É nesta Fazenda de conto que Ruy Póvoas vai fazendo de conta que os fatos aconteceram, fatos de gente sem nome e sem rosto. Em seu décimo livro, o autor mostra todo o seu apuro em lavrar o chão da literatura e colher histórias que nenhuma vassoura de bruxa poderá dizimar. Aqui o ciclo da literatura do cacau está cada vez mais produtivo.
O que ficou após a vassoura de bruxa? Acabou o ciclo da literatura do cacau? Quais os arquétipos de agora, logo que o coronel, o jagunço e a mata se dissolveram?
Nomes consagrados foram-se para sempre, outros tantos se aposentaram da arte de contar, sob forma de ficção, as glórias, os pesadelos e os padecimentos da desistência de nossa gente.
E a interrogação continua persistindo. Então, por que não tentar sentir isso mais profundamente?
Dizem por aí que é preciso voltar para casa, a fim de sofrer, e sofrer, e sofrer até não mais poder, na busca, até detectarmos as imagens arquetípicas que estão a nos desafiar. Não que elas sejam invisíveis.
Muito pelo contrário: de tanto conviver com elas já não podemos enxergá-las. E após nos apossarmos delas, uma luta maior há de começar: o padecimento na lida com o idioma.

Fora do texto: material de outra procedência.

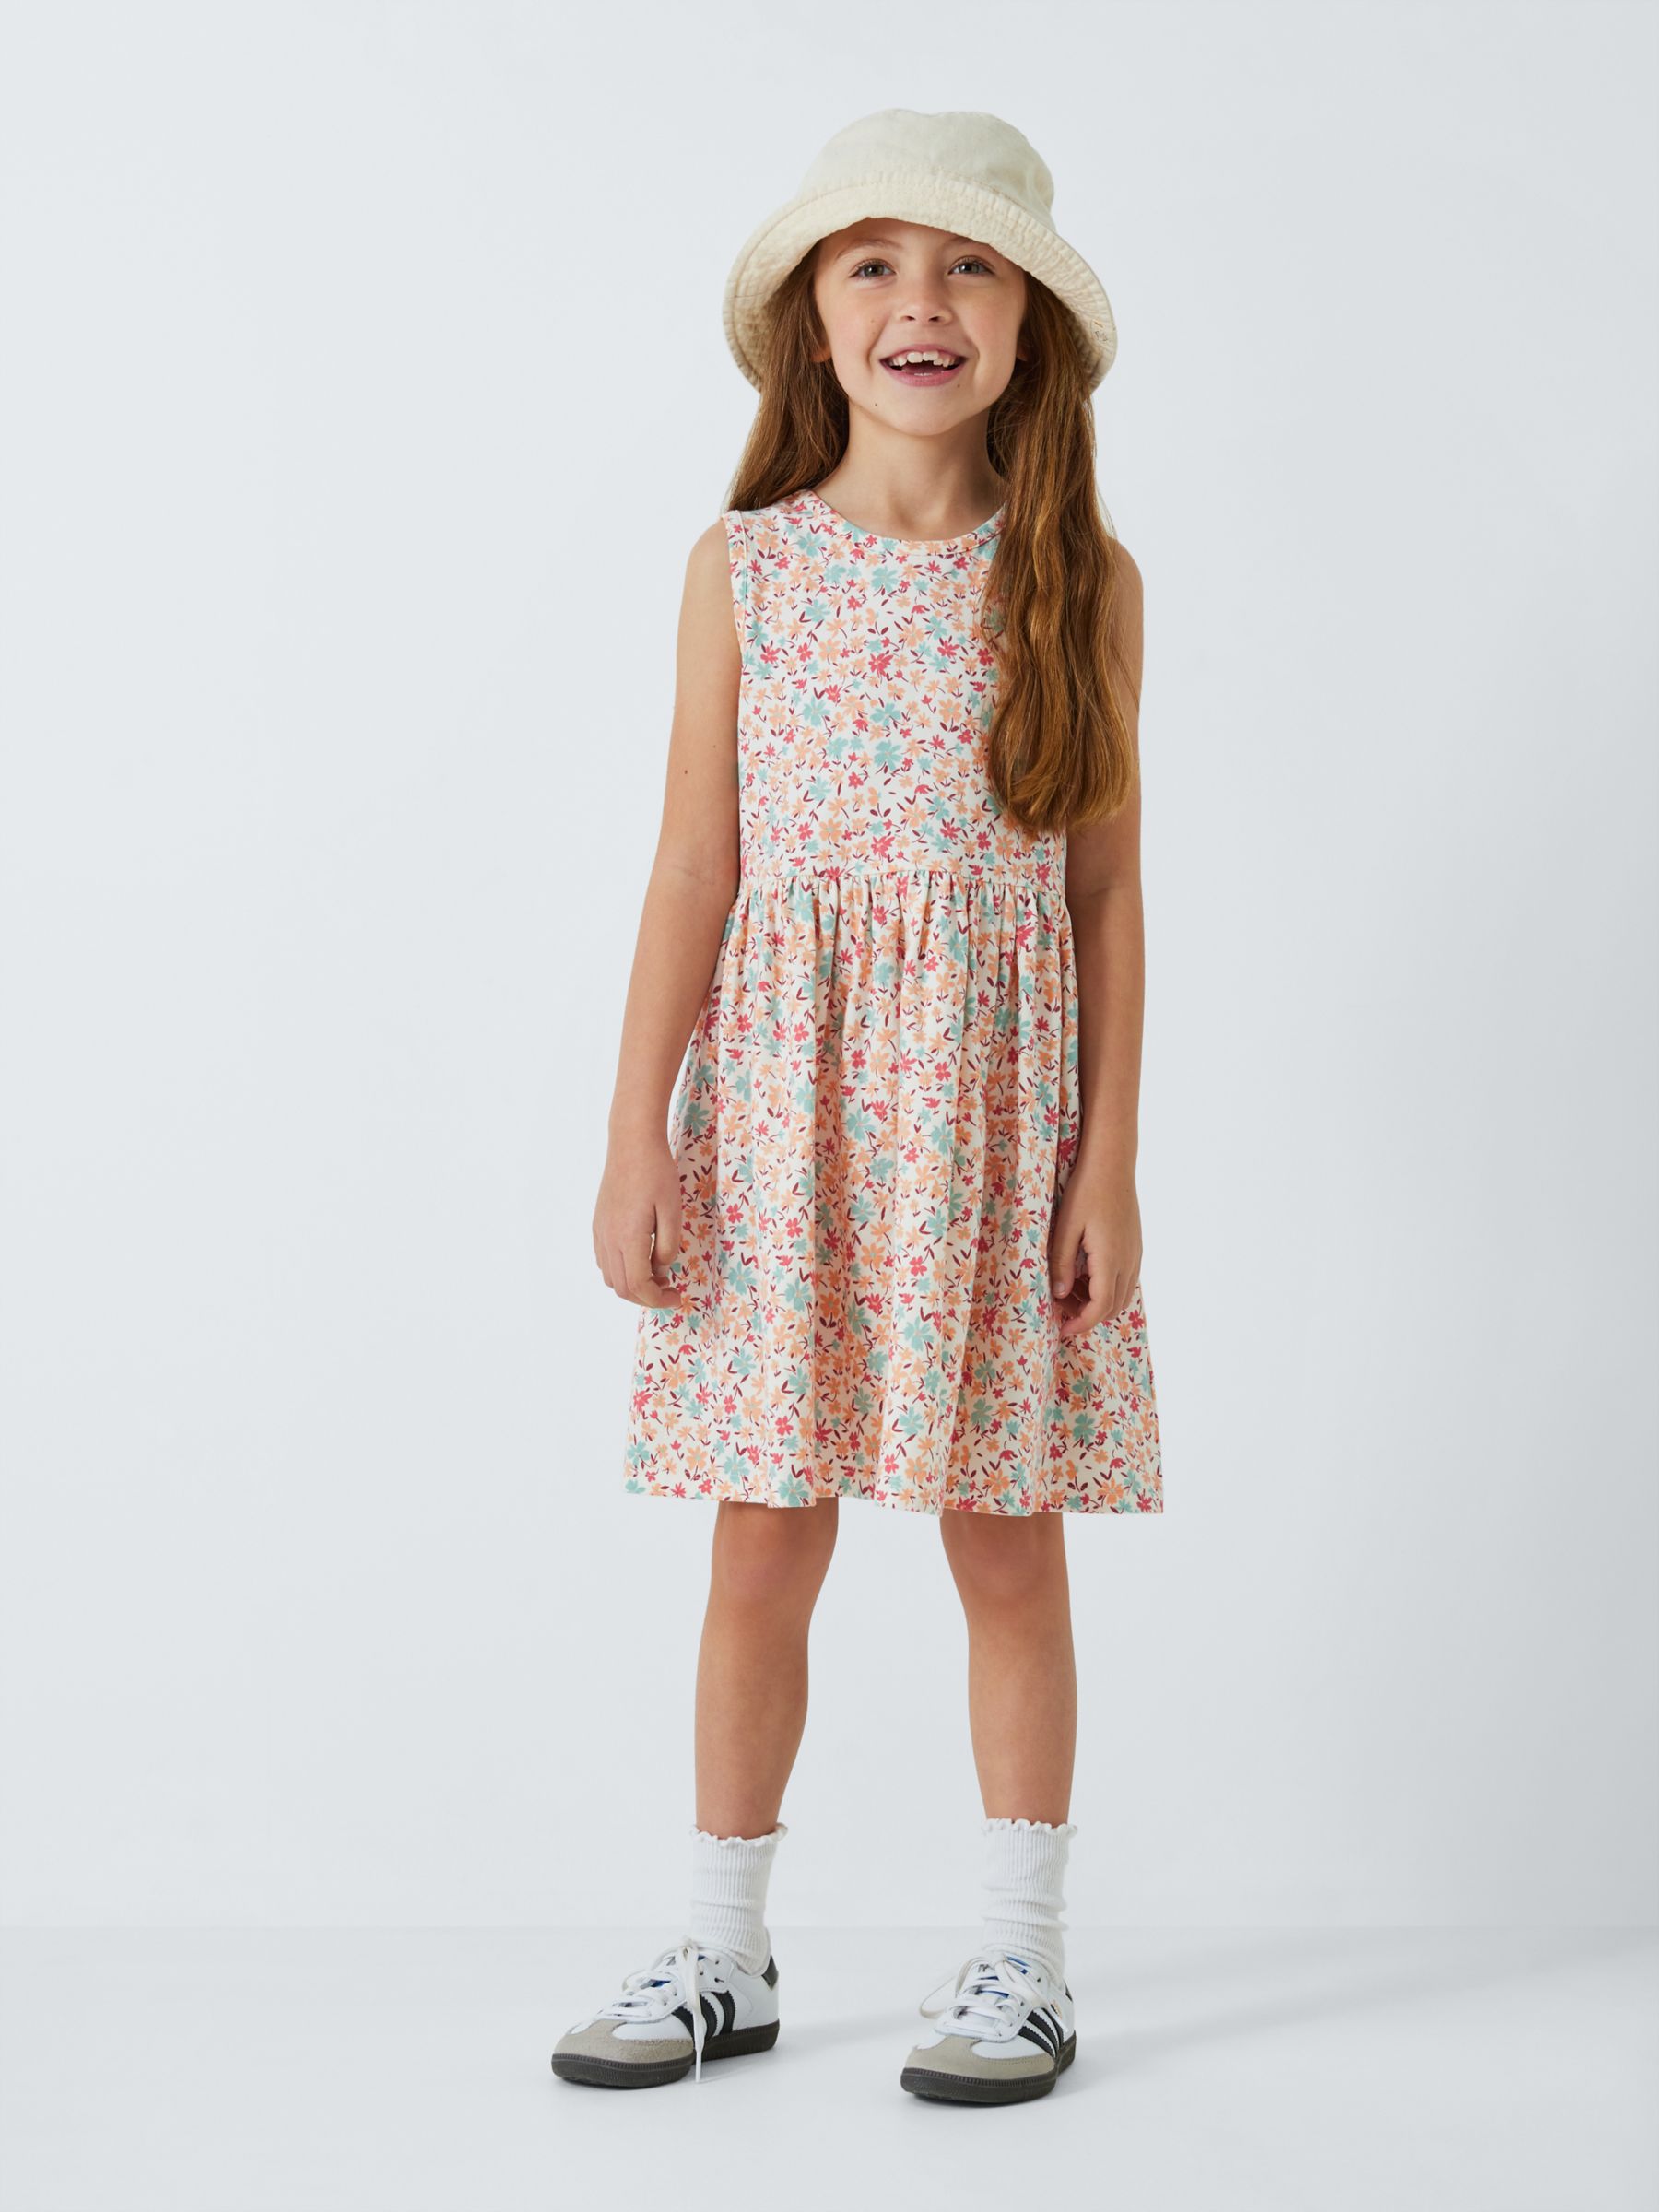 John Lewis Kids' Floral Sleeveless Smock Dress, Multi, 7 years

Transpiração em doses altíssimas e um poucod e intuição. Será esse o melhor caminho?
É bem verdade que tal caminho é traiçoeiro, pois quem o percorre está sujeito ao risco de cair nos abismos parnasianos. Não se deve esquecer que já se constituiu uma receita parnasiana, hoje tida como superada:
Longe do estéril turbilhão da rua,
Beneditino, escreve! No aconchego
Do claustro, na paciência e no sossego,
Trabalha, e teima, e lima, e sofre, e sua!
Por que não se aproximar do turbilhão da rua? Não será ele adubo que fertiliza a intuição? Por que não romper o sossego do claustro e se permitir o desassossego do contato e da descoberta do pertencimento?
É verdade, também, que ainda é necessária a adesão ao último verso do quarteto. Continua sendo válida a sentença bíblica “Comerás o pão com o suor do teu rosto”, muito embora haja tanta gente que come caviar com o suor do rosto alheio ou se deleita com o sangue da nação. Não será essa também uma imagem arquetípica?
Tais indagações me levaram a gerenciar esta Fazenda de conto. Nela, Fazendo de conta que os fatos aconteceram, arrebanho algumas novas imagens arquetípicas. Não sou o autor delas.
Foram elaboradas por gente sem nome, sem rosto e até sem chão, mas com os olhos voltados para dentro de si mesma, pois do lado de fora não há mais a sombra do cacaual, que era considerada, pelos pobres e pelos ricos, a grande mãe que protegia os grapiúnas.